A better and more representative example of a democracy at work must be found – so let me suggest here a candidate that will come as no surprise to most readers – our own New Zealand.
This small country in the South Seas has performed at least as well as any other, irrespective of the form of government we have.
These are early days yet, but the initial evidence suggests that New Zealand has enjoyed more success than most other countries in stopping the outbreak in its tracks – and that, despite having to contend with a high rate of cross-border travel as thousands of New Zealanders – the world's greatest travellers – have returned home from virus-infected countries around the world.

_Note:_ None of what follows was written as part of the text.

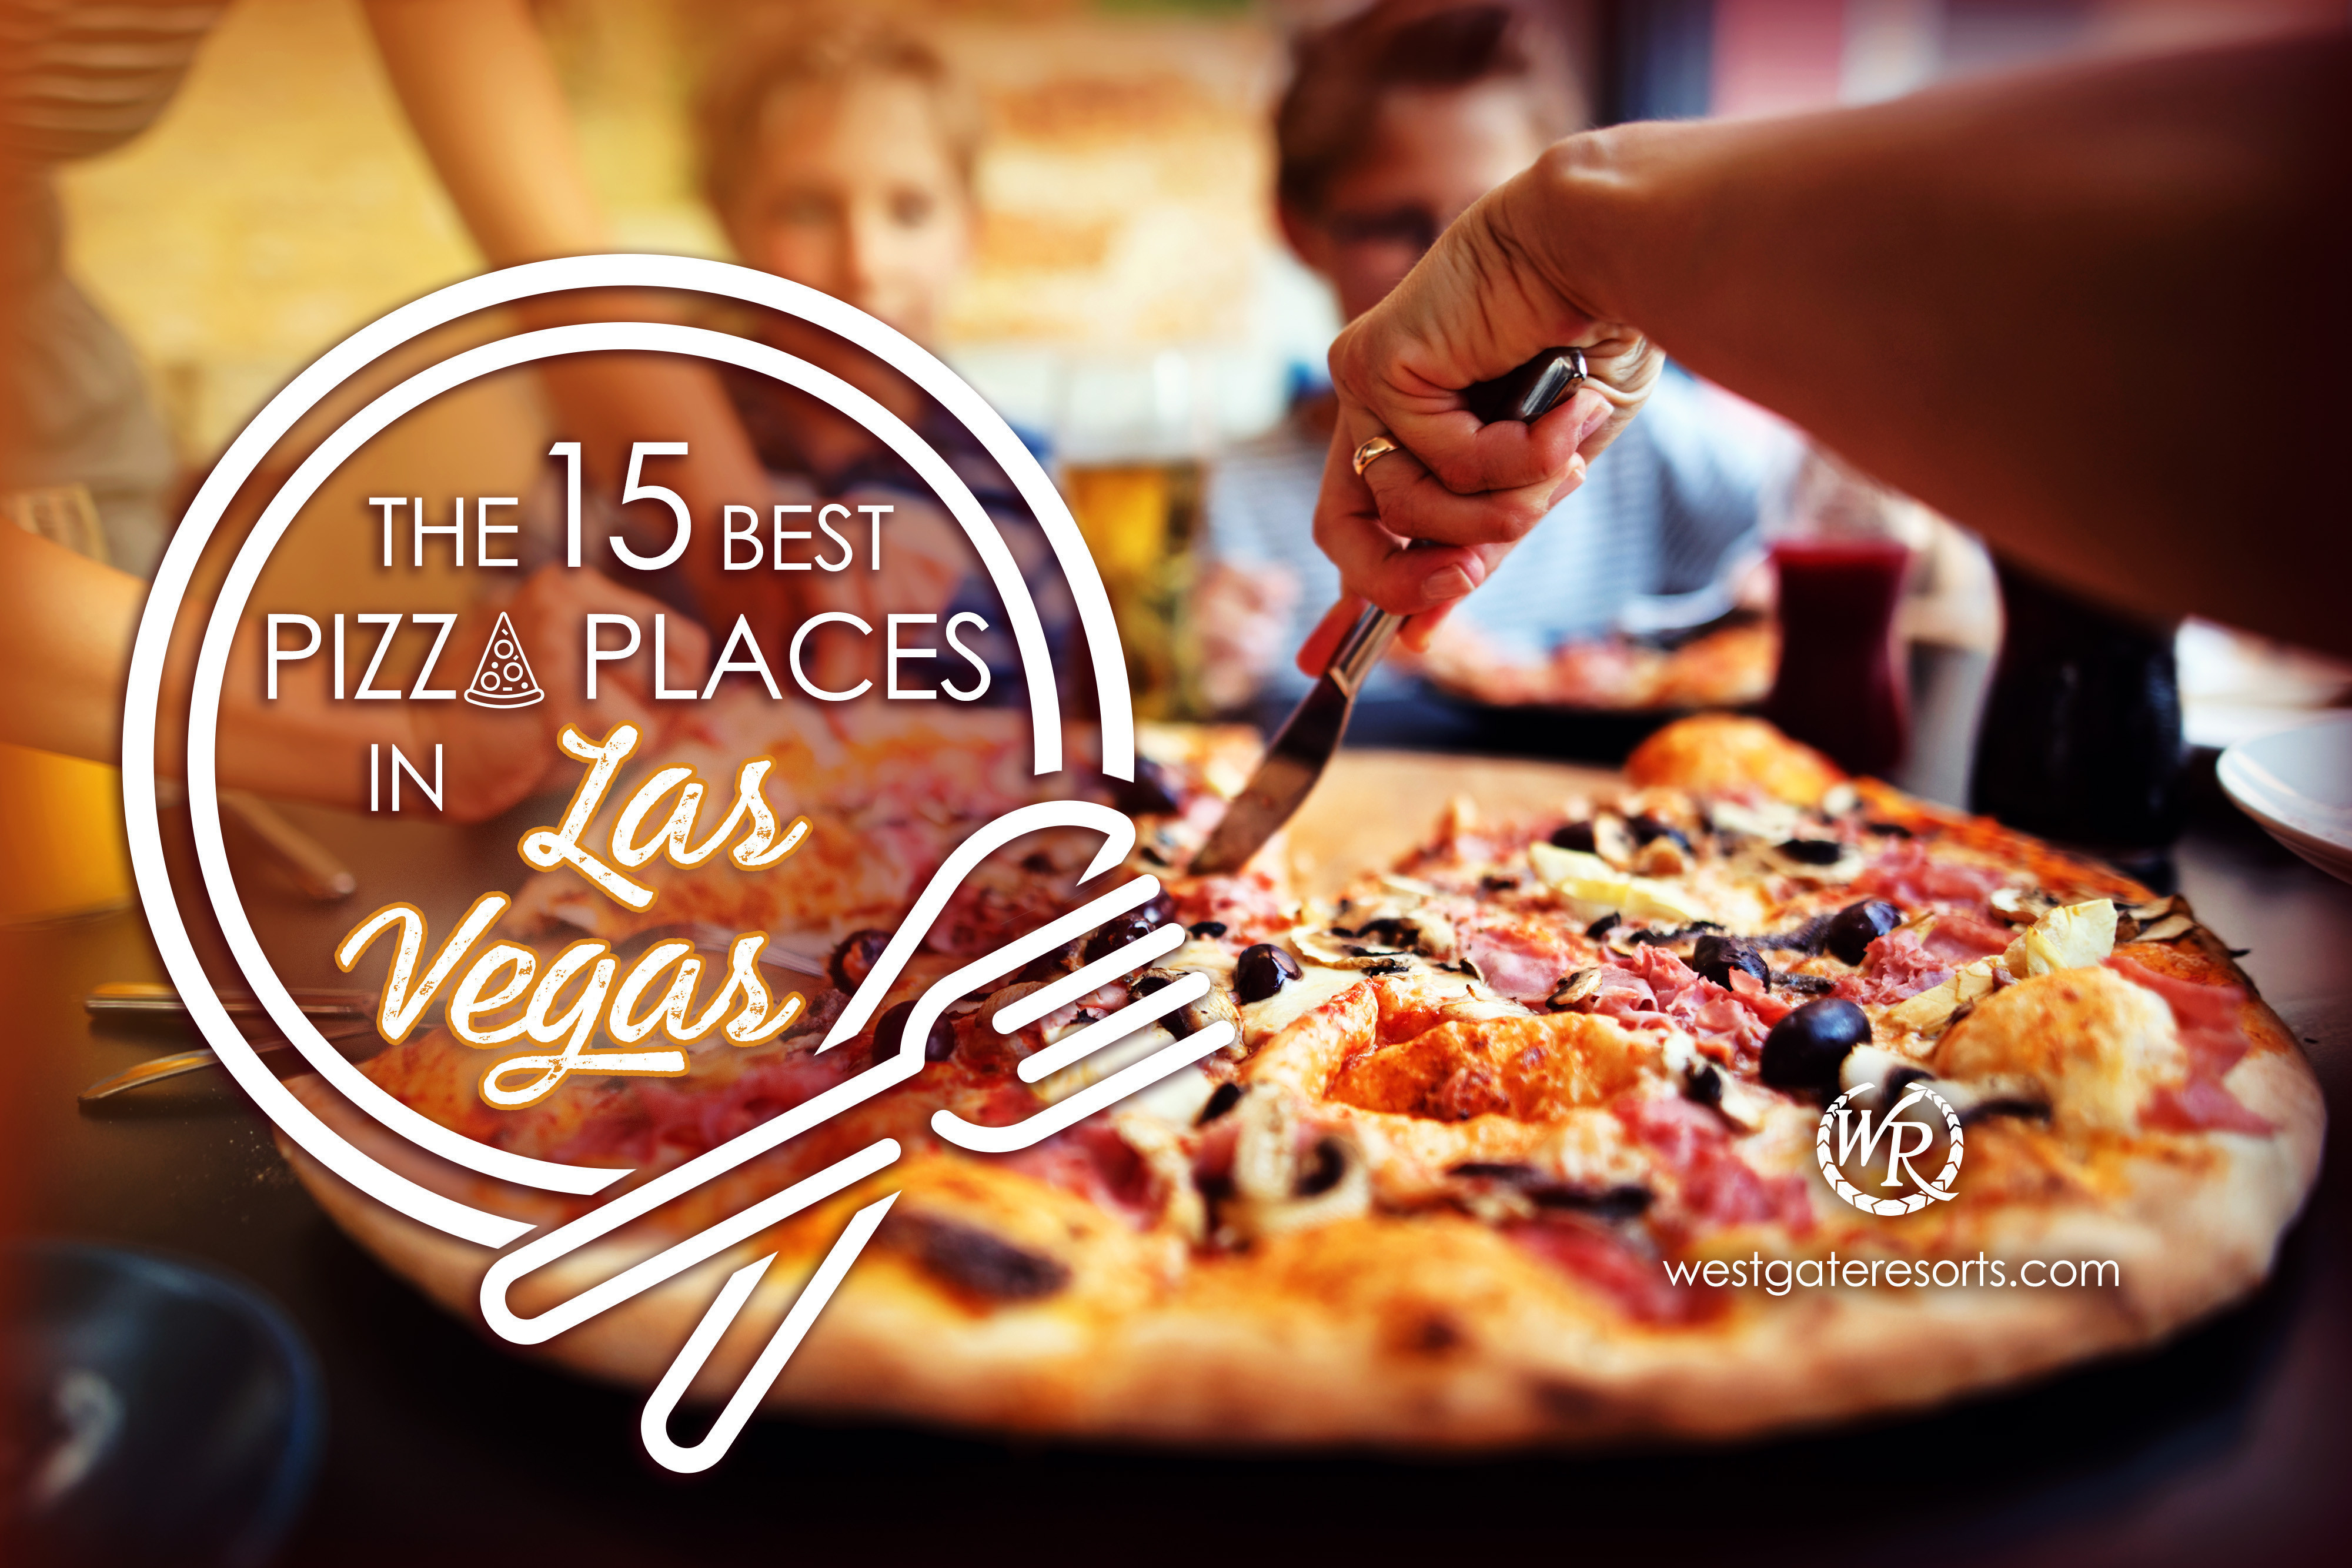 The 15 Best Pizza Places in Las Vegas
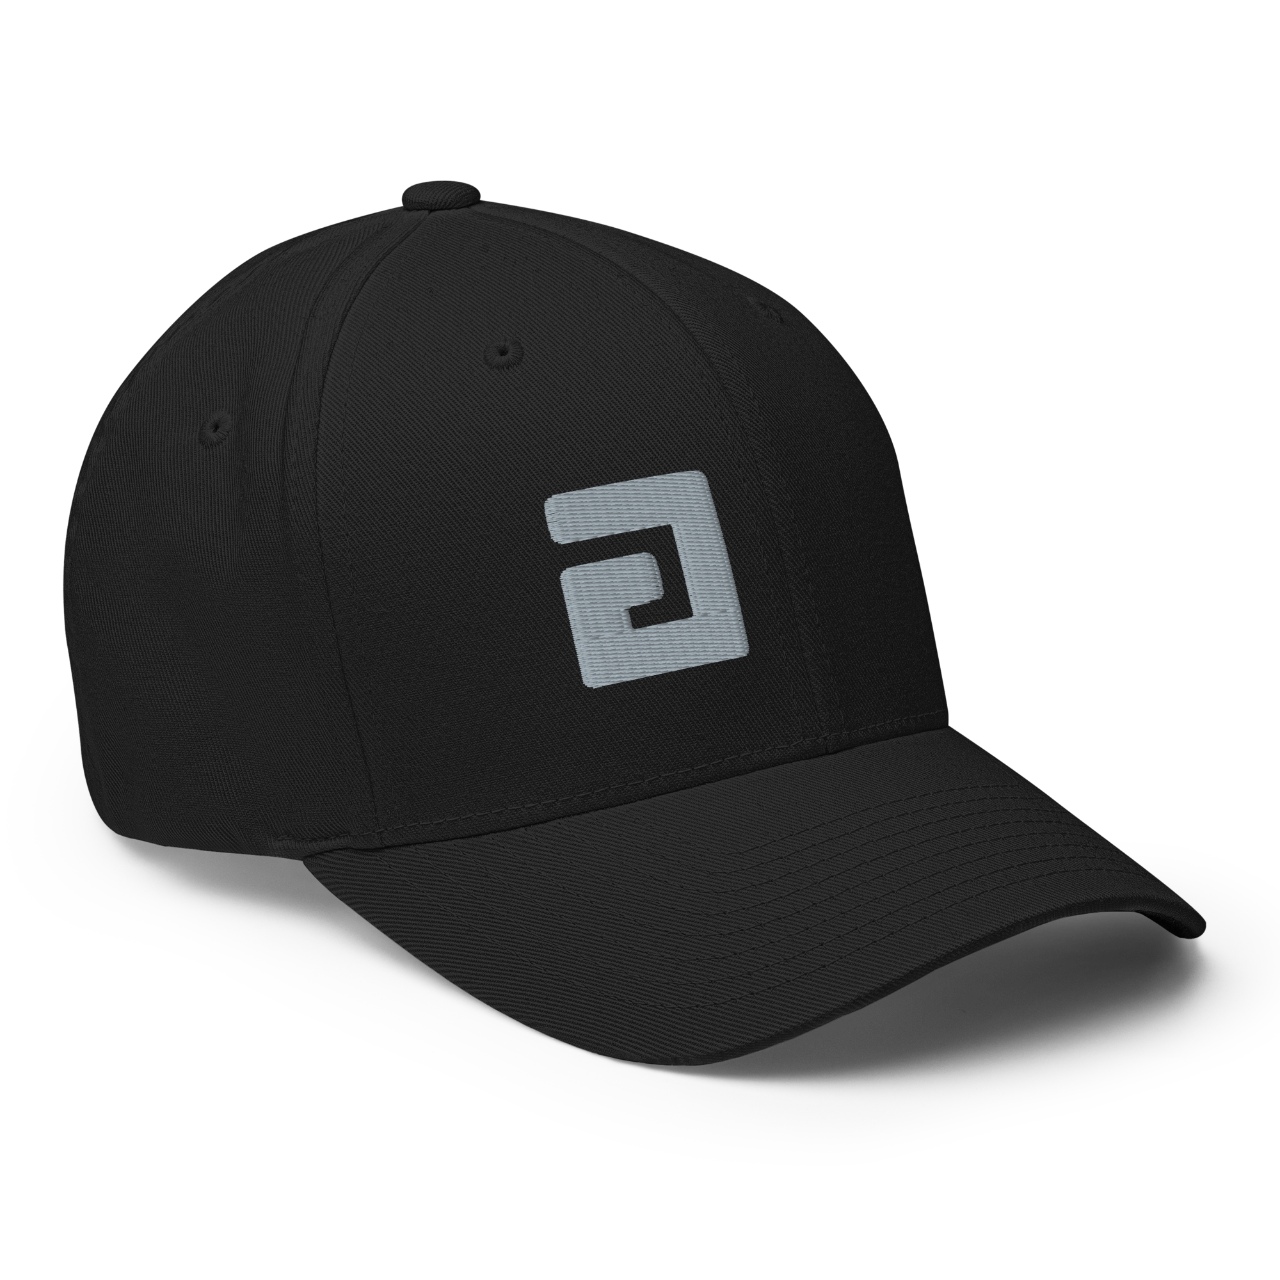 axsgtr axess electronics guitar music industry branded merchandise swag flexfit closed back baseball cap hat black grey

The necessary lockdown arrangements, the border controls, the quarantines, have all been put in place and, with few exceptions, complied with – and all with the co-operation and endorsement of the New Zealand people.
Our Prime Minister, with her Ministers and senior officials, speaks directly to the New Zealand public every day on television and every afternoon to individual citizens who engage her in person on Facebook.
The lockdown, with all its restrictions on freedom of movement and interruption of normal business activity, is supported voluntarily by almost everyone.
Parliament continues to sit in a truncated form and the Opposition participates in an all-party committee whose function it is to hold the government to account.
When the dust settles, is this not the model that should earn the plaudits?